Part I – The FULLTEXT index and BOOLEAN search language

Searching is one of the most fundamental and common features of the web. We are all used to having powerful search engines such as Google at our fingertips, both for searching the glut of information available on the Internet at large, as well as for indexing our own web sites to provide a search mechanism to our own users.


As long as your site is reasonably static and publicly browsable, engines like Google do a good job of indexing your data. But what do you do when your application becomes too complex or dynamic for it to be properly spidered? In that case, you need your own search engine, one that allows you control over what is being indexed as things change on your site, as well as control over what results are being returned. There are many such engines out there: commercial packages such as Verity, open source packages such as Lucene, as well as integrated engines such as the fulltext index and search features included in MySQL. In this article, I will describe how to use MySQL’s features for adding robust fulltext search to dynamic web applications that otherwise would be difficult to index.
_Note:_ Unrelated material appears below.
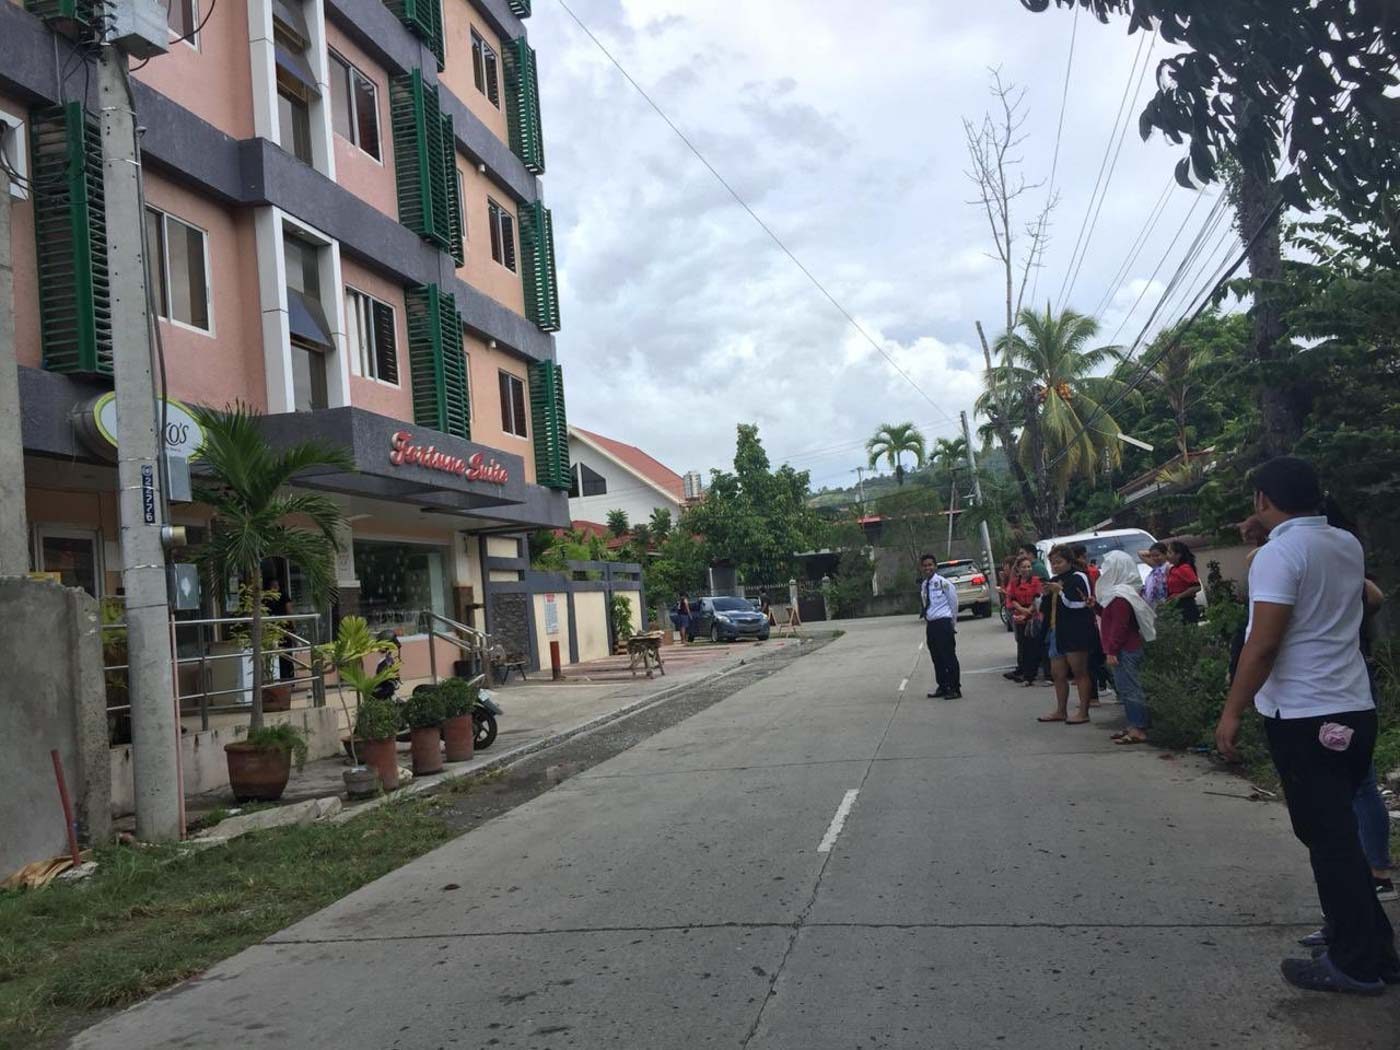 EVACUATION. People including Oxfam staff evacuate a hotel in Iligan City due to the earthquake on December 15, 2019. The Oxfam staff reported a few cracks in the hotel where they are staying. Photo from Miriam Solleza and Jhie Durana/Oxfam Philippines

In the past, the only way to do text searching in a database was to use the LIKE comparison in the WHERE clause. This was very limited and usually exceptionally inefficient. The good news is that MySQL has an index type called FULLTEXT that you can create on character data type fields (varchar, text, longtext, etc.). Instead of storing data to help SQL queries efficiently seek and sort the data within the table, it analysis the human language text (words) in the field indexed, so that data can be searched using their fulltext search matching language.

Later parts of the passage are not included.